Peter snickered and rolled his eyes. "Cheer up, man. At least they put us in these groovy shorts."

"Yeah, man. Nice suspenders." Mike snapped Peter's and grinned at his yelp. "Dammit, what're they doin' t'Davy's face? Spackling it?" He muttered darkly for a few seconds until he felt something cold and gritty on his leg. Peter ... Peter had kicked wet sand at him! Mike stood in surprise, seeing the impish look on that innocent-looking face. There was a beat, and Peter's eyes widened a split second before Mike had scooped up a handful of wet sand and launched it right at his chest.

His hands flew to his chest as if he'd been shot, and Peter staggered backward dramatically.

"All right, Nesmith!

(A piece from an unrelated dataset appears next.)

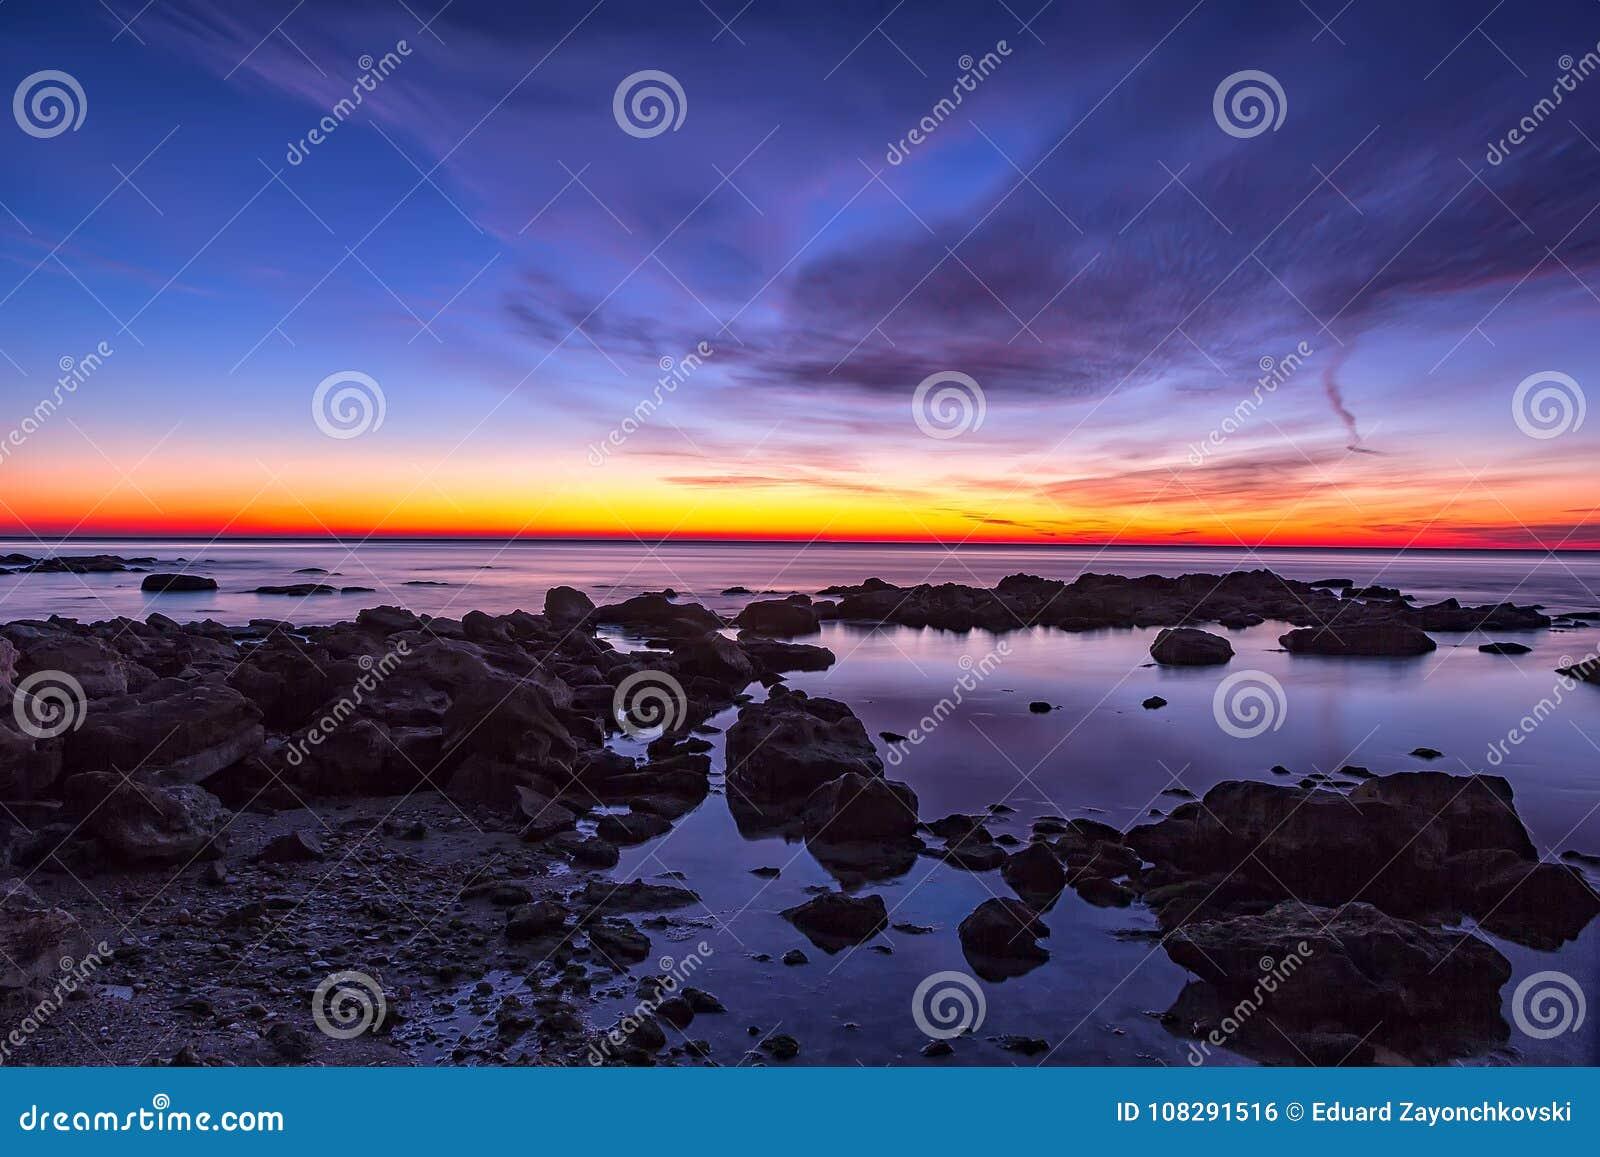 Vóór zonsopgang over het overzees

This means war!"

It didn't mean anything of the sort, but it did mean that they ran around the set like fools pelting each other with sand and water, much to the annoyance of the crew who was trying to get them all back in position to finish the romp.

They gallivanted along, mindless of the horn calling everyone to take their places. There was an empty tripod near one of the director's chair, and Peter leaned his chin on it, swiveling around as if he were a camera himself.

Breathless with running and laughter, Mike pressed himself close behind Peter, taking the lever of the tripod and "directing" as if he were a cameraman trying to get a nice pan down the beach. He could feel the subtle muscles of Peter's bare back twitching beneath his skin, and his nose was in the sandy hair. It smelled like ocean water and coconut. Peter felt the slightly bristly hairs of Mike's chest against his back and he shivered as he continued his little miming act.

Neither of them thought to move, and finally Bob grumbled "What the hell" to the real cameraman and directed the camera to them, figuring if nothing else, maybe they could cut it into the romp.